Noch erfolgreicher als erwartet
Nach dem ersten Jahr der Aufsuchenden Beratung lässt sich feststellen: Das Projekt ist erfolgreicher, als es die größten Optimisten erwartet hatten! Dabei zeigt sich der Erfolg nicht unbedingt in den „üblichen“ Kennzahlen, wie einer Integrationsquote in Arbeit – auch wenn es direkt aus dem Projekt heraus zu Arbeitsaufnahmen gekommen ist. Der Erfolg misst sich jedoch in erster Linie in wieder vorhandenen Kontakten und in unterbreiteten Hilfsangeboten. Durch die engagierte und emphatische Arbeit der Kolleginnen der Aufsuchenden Beratung konnte in einem Jahr zu ungefähr 400 Personen der Kontakt wieder aufgebaut werden. Teilweise konnten diese Menschen recht schnell wieder an die „normale“ Betreuung angedockt werden, bei anderen dauert dies länger. Unterstützt wird dieser Prozess durch ein externes Life-Coaching, welches allen Bürger:innen in dem Projekt angeboten wird.

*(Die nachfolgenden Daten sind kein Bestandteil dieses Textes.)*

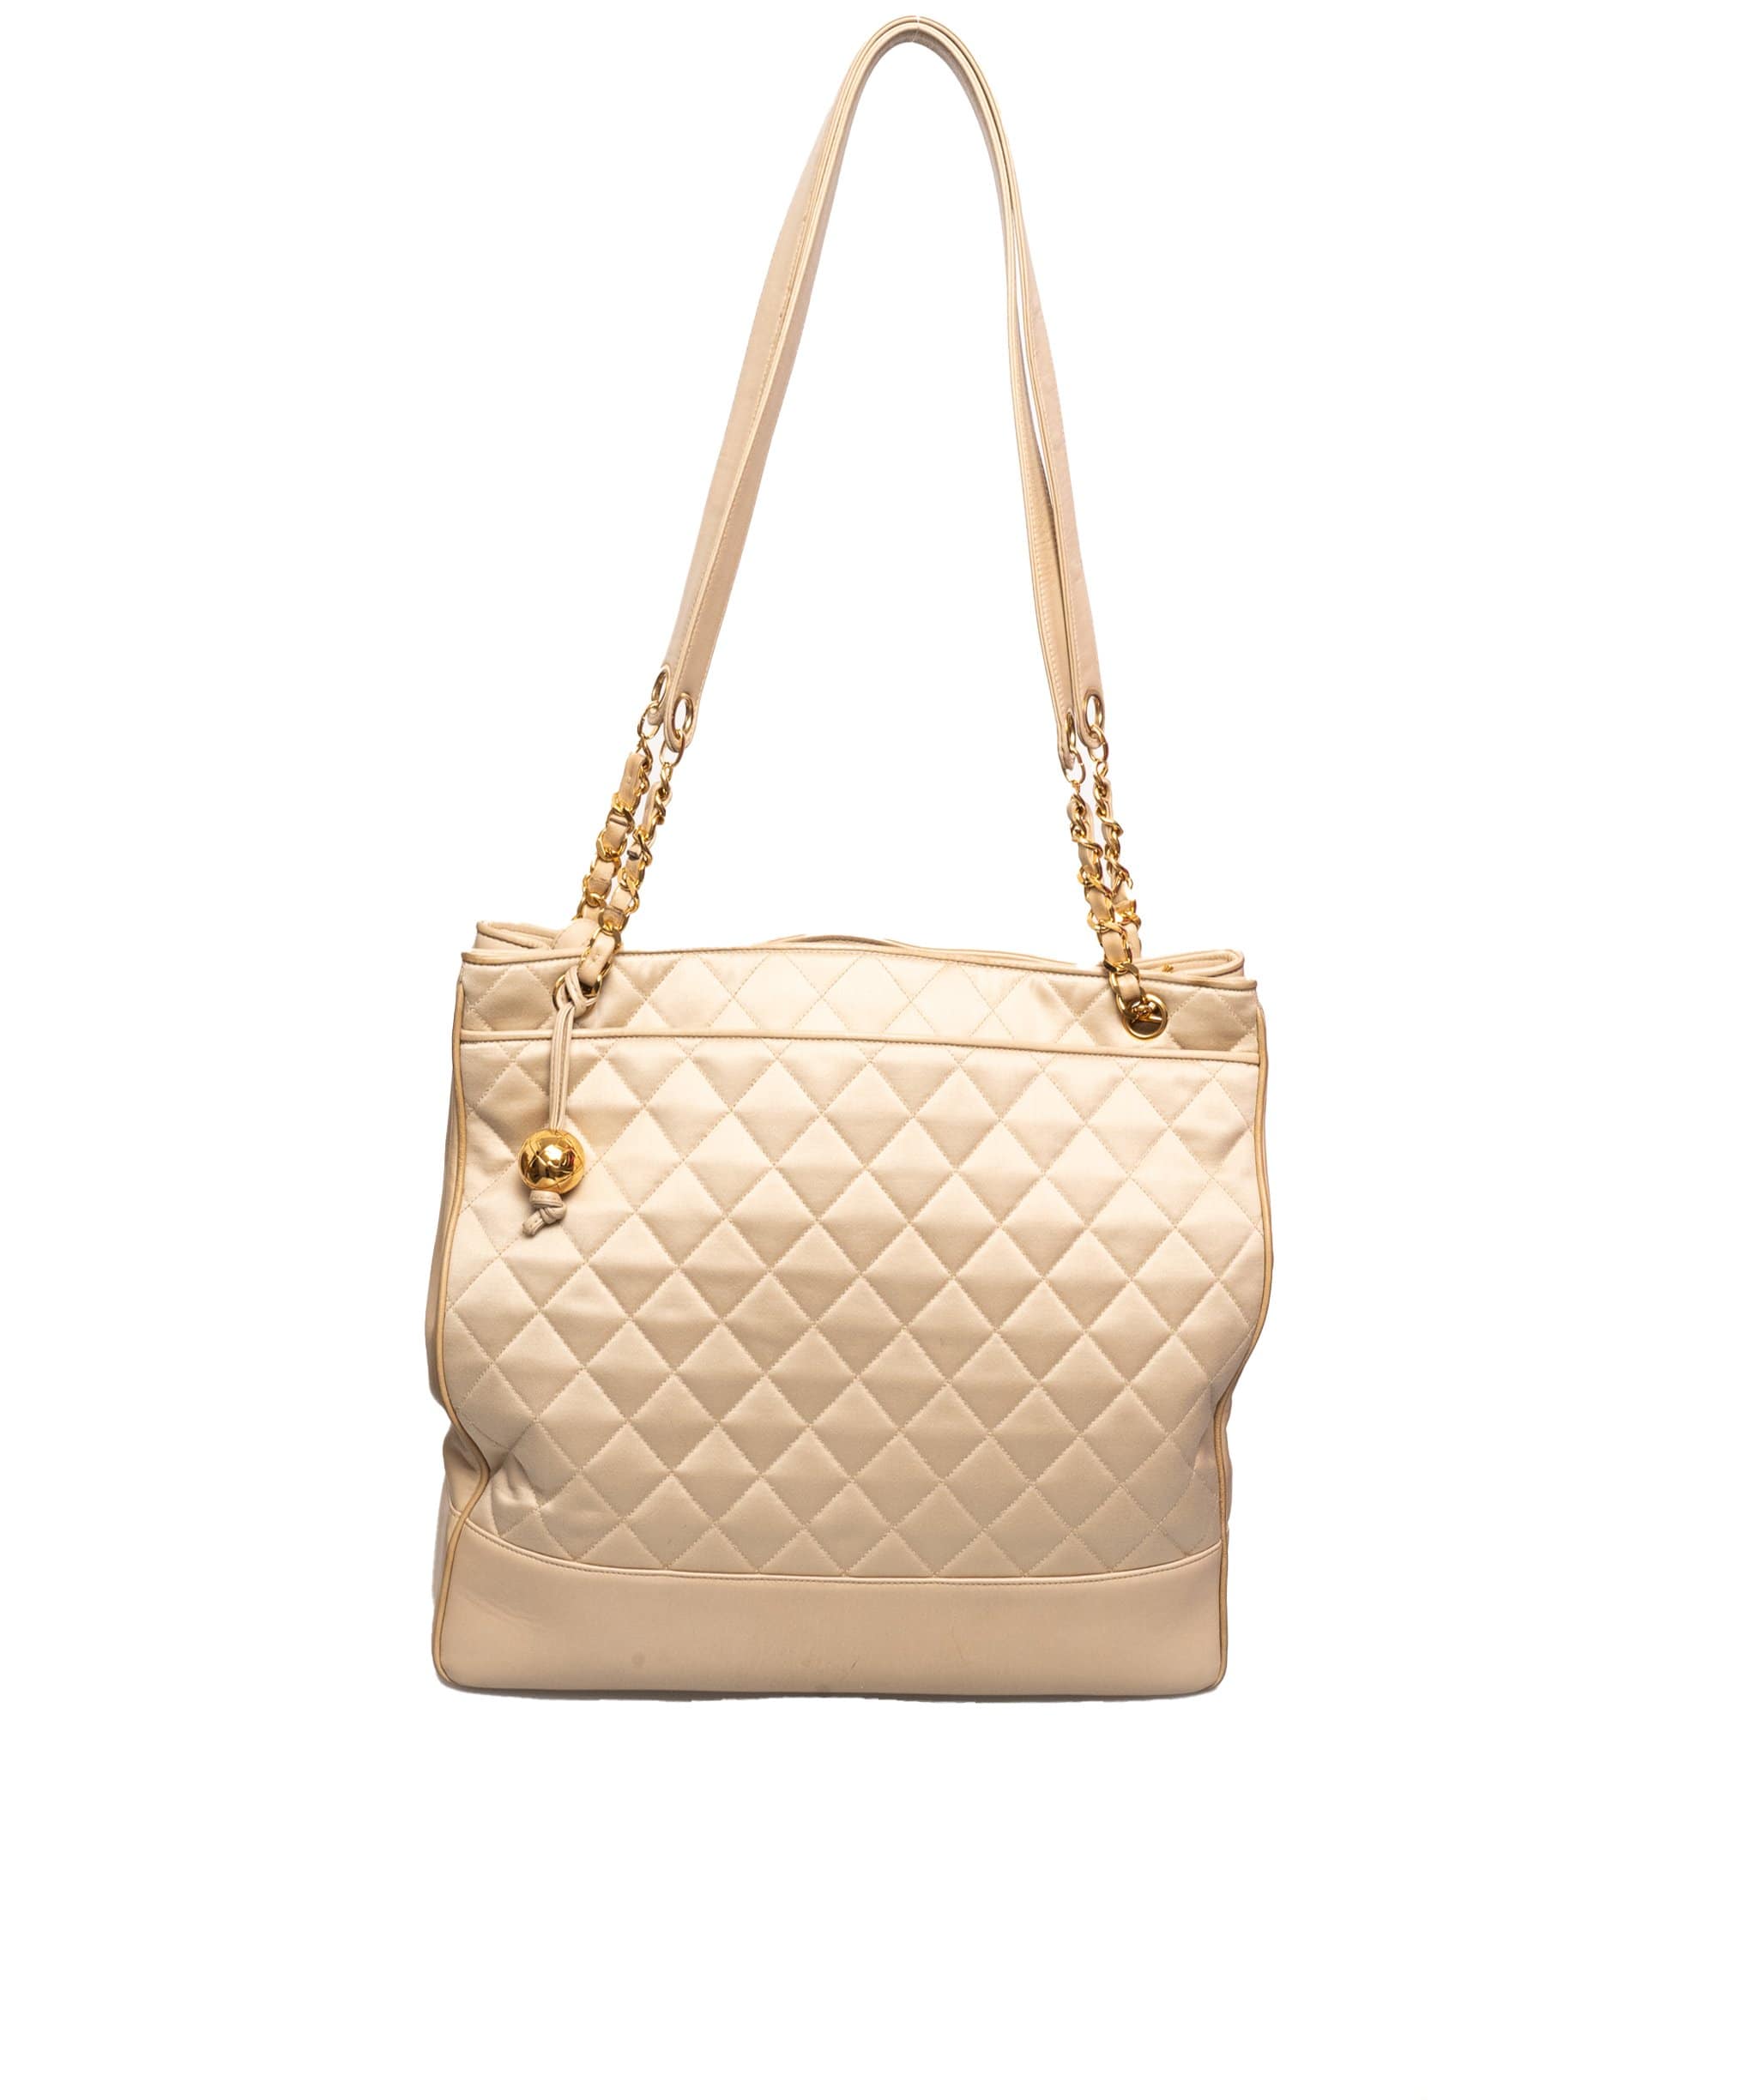 Chanel Chanel Cream Matelasse Leather Tote Bag  AWL1025

Bundesweites Interesse am Kasseler Projekt
Was sich zum Start ebenfalls noch nicht absehen ließ war das riesige externe Interesse am Projekt der Aufsuchenden Beratung. So wurde das Kasseler Projekt bereits von mehreren Medien aufgegriffen, unter anderem in der HNA, dem Stern und bei ZEIT Online. Aber auch in den ARD-Tagesthemen wurde die Aufsuchende Beratung bereits vorgestellt.
Zusätzlich besteht auch Interesse anderer Jobcenter, die sich über das Projekt und den innovativen Ansatz informieren. Die Kolleginnen der Aufsuchenden Beratung teilen die Erfahrungen gerne und wurden auch schon zu verschiedenen Veranstaltungen als Referentinnen eingeladen.
Aufsuchende Beratung in der ZDF-Reportage
Für „ZDF.reportage" war Ende März und Anfang April ein TV-Team zu Gast im Jobcenter Stadt Kassel, um das Projekt der Aufsuchenden Beratung zu begleiten. Die Reportage „Alltag im Jobcenter - Zwischen Beratung und Burnout“, in der neben dem Kasseler Modellprojekt auch die Arbeit in den Jobcenter Paderborn und Wiesbaden vorgestellt wird, wird am 30.04.2023 um 18 Uhr im ZDF ausgestrahlt.